General guidance for using this data set

Interpreting data variation over time and geography

As noted in the Data considerations and limitations sections (under each of the source data sets) in this report, there are a range of factors that can cause variation in counts and rates for given data items over time and across or between jurisdictions. Causal links cannot be determined without further detailed analysis. Some of the factors that may lead to variation in the data are listed below.

Fundamental factors include:

  • changes/differences in population demographic profiles
  • policy shifts (for example, the introduction of the Better Access Scheme for MBS mental health services; changing PBS medication restriction levels and definitions of the eligible population) 
  • changes in disease prevalence, health characteristics or treatment options
  • changing markets for health service provision
  • seasonality, for example:
    • changes in incidence of illness (for example, respiratory infections during winter, ‘back-to-school asthma’)
    • impact of public holidays on demand/ supply of health services
    • policy-induced changes (for example, the increase in PBS prescriptions filled towards the end of the calendar year associated with the PBS safety net policy)
  • natural volatility.

Methodological factors include:

  • changes/differences in diagnosis coding schemas and practices adopted by different jurisdictions or hospitals at different times
  • changes in data scope (for example, the scope of the PBS collection expanded to capture under co-payment scripts on 1 April 2012)
  • the application of mapping files to construct 2016 ASGS SA4 geography.

Additionally, intermittent shocks (for example, natural disasters – but also, events such as the COVID-19 outbreak) can cause effects which can vary across time and geographically, and can affect policies, practices or service use/ access.

Impact of COVID-19 on health service use

The COVID-19 outbreak led to significant shifts in many data series – and these were both fundamental and methodological in nature. For example, there were shifts in demand for different types of health services (for instance, due to lockdowns, and associated changes in the profile of disease), the delivery of health services changed considerably (for instance, with greater use of telehealth, prescription stockpiling), and relatedly in some cases, new codes were introduced to reflect the evolved health system. For further information on the impact of COVID-19 on service use, see:

Implications for research design

This data set, due to its innate structure, lends itself to particular research methods. 

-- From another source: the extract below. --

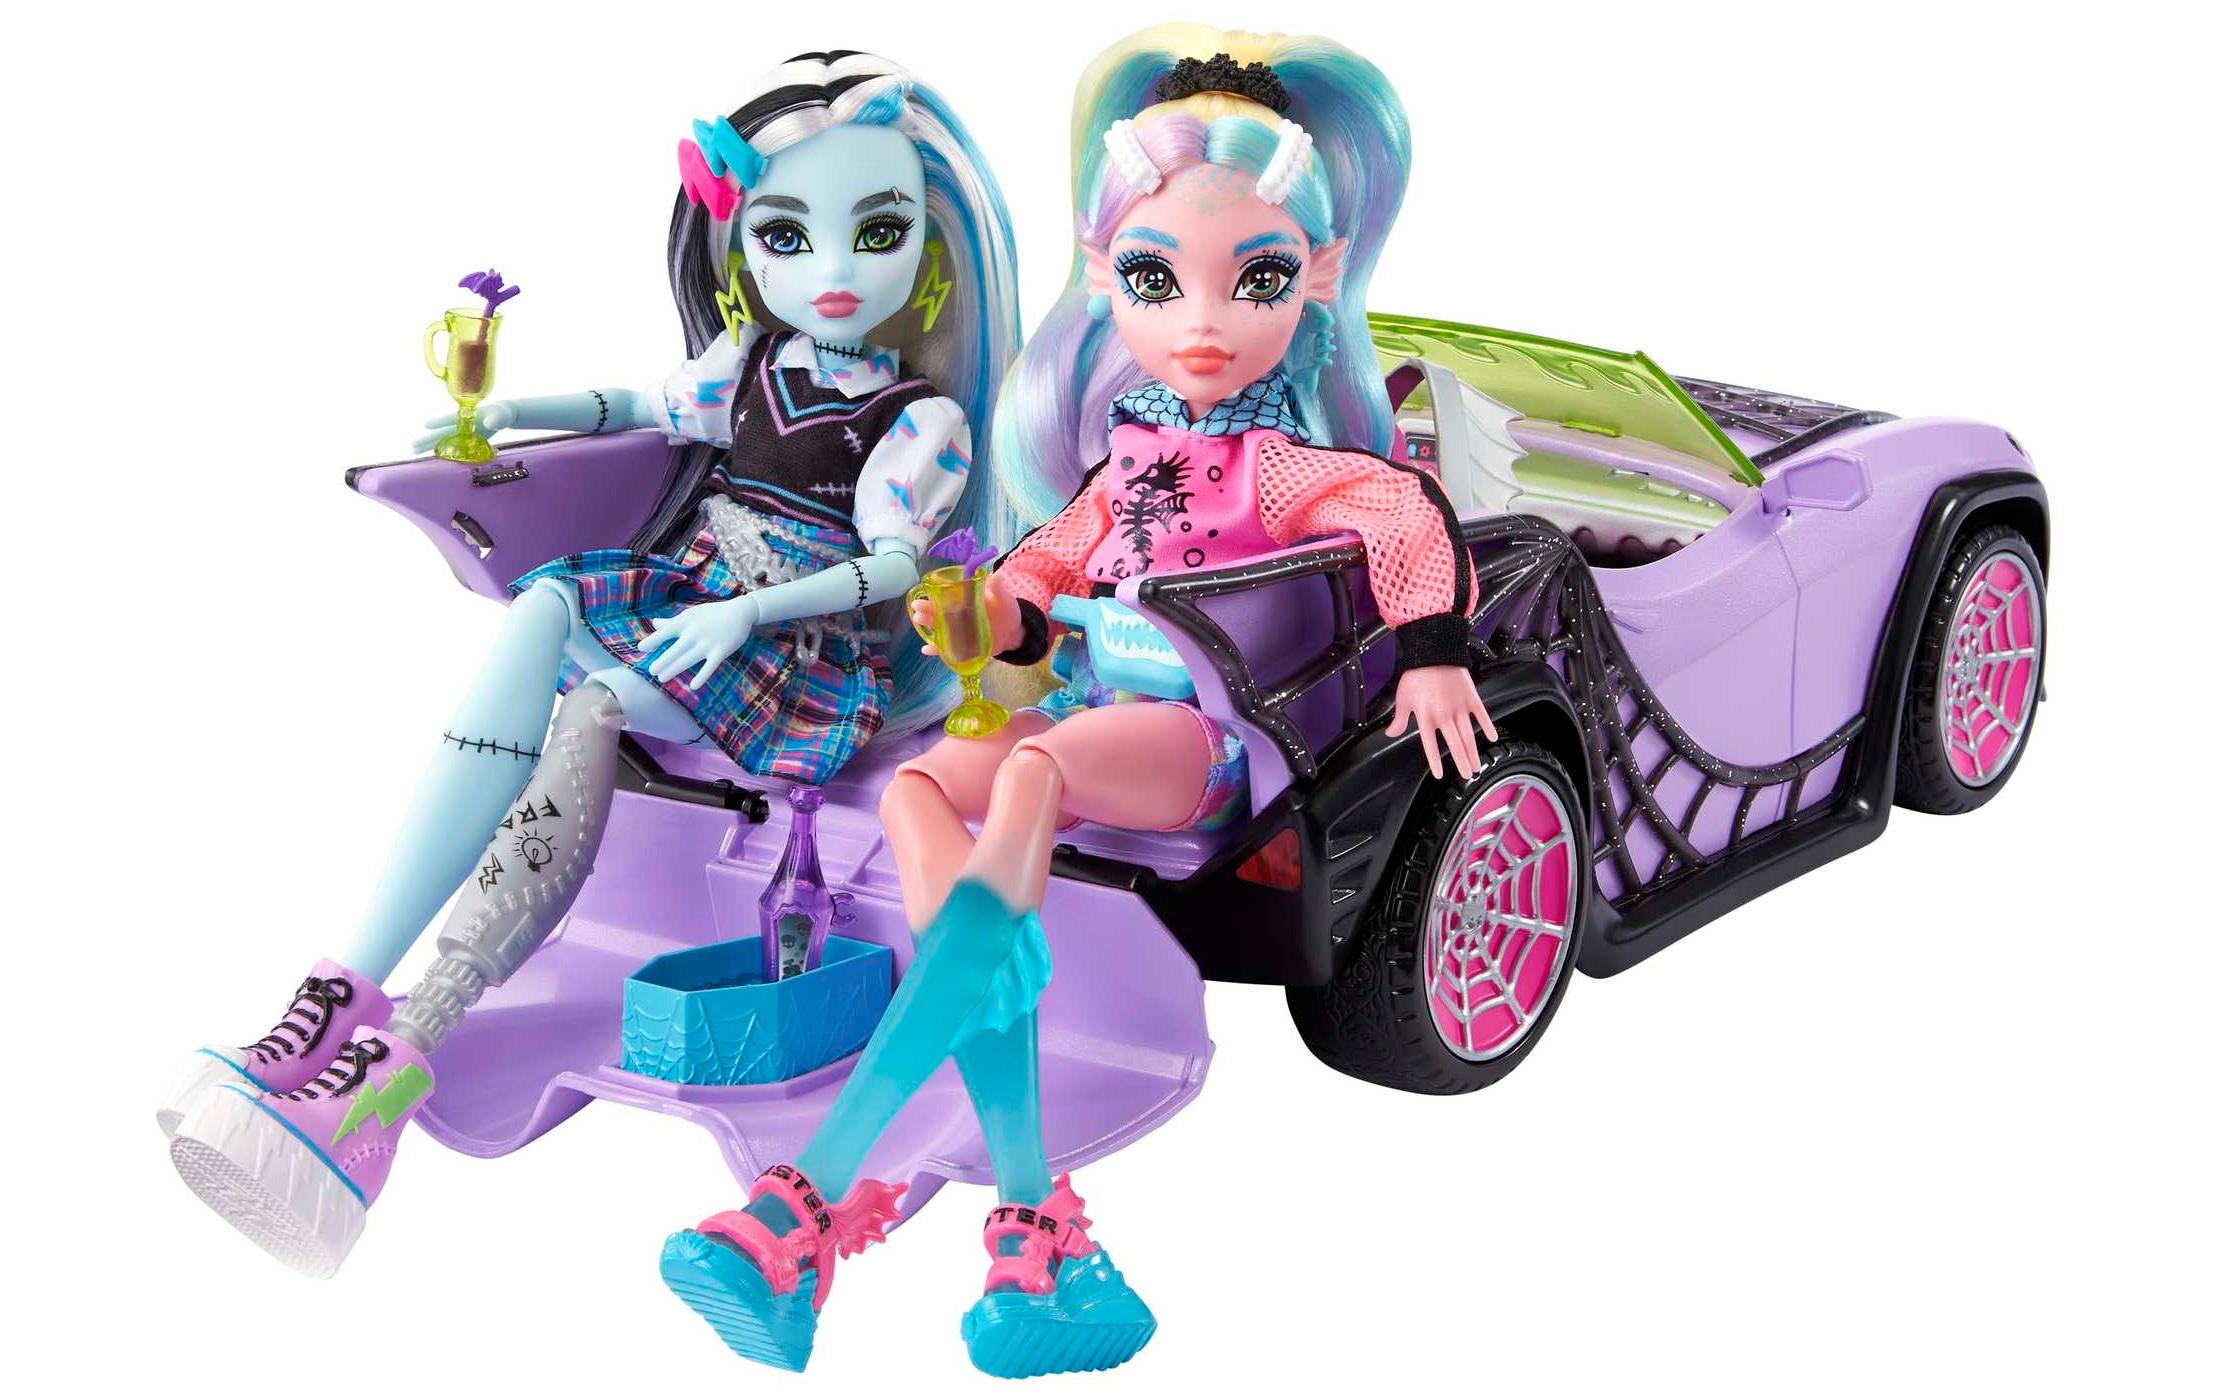 Monster High Monster High Vehicle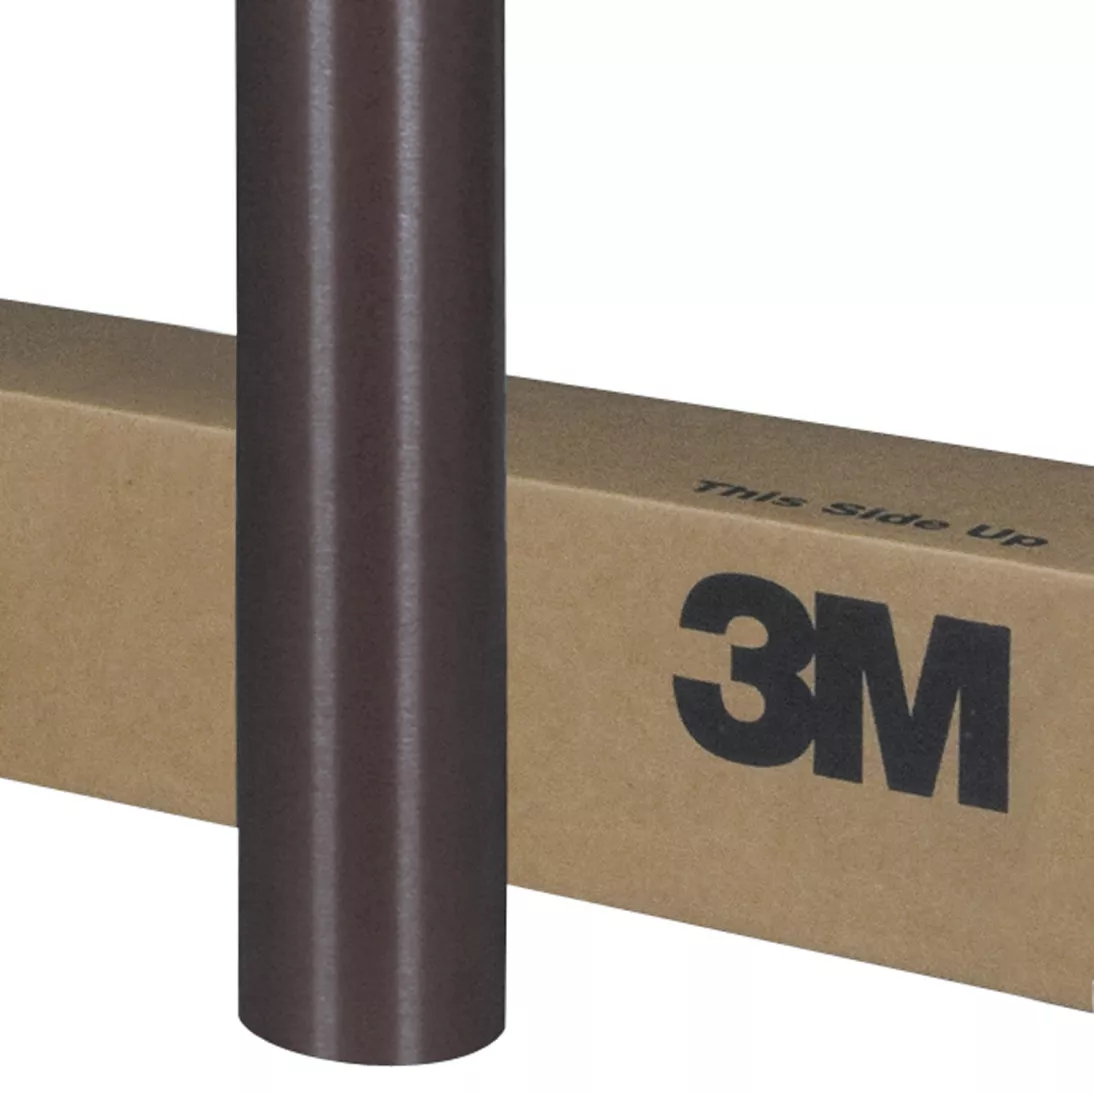 3M™ Wrap Film Series 1080-M209, Matte Brown Metallic, 60 in x 10 yd

For example, some empirical methods attempt to exploit the panel aspect of data – analysing variation across both geographical and temporal dimensions. These methods might allow researchers to attribute shifts in health service use in particular locations at particular times to environmental events, through assessing the extent to which evident trends and volatility in affected areas are also evident in unaffected areas. However, issues around the quality of the data (including its geolocation), and the comparability of the data over time and geography (as discussed throughout these notes) will need to be taken into consideration. Additionally, the aggregation of data to a weekly time period by SA4 geography will need to be considered in interpreting any results (for example, in interpreting estimates of the magnitude of changes in service use associated with environmental exposures).

In the context of bushfires, research might also benefit from a consideration of other factors (such as extreme heat), which are temporally and geographically correlated with bushfire, and which could separately impact health service use.

There are limitations to the utility of these data in assessing longer-term impacts of bushfire on health and health service use. For example, this data set would not facilitate a cohort study (following particular individuals over time). It reflects service use counts, rather than individuals. Moreover, since people tend to relocate over time, the correlation between an individual's recorded place of residence and the likelihood they were exposed to an historical environmental event in that place, declines the longer the time lag since the event occurred.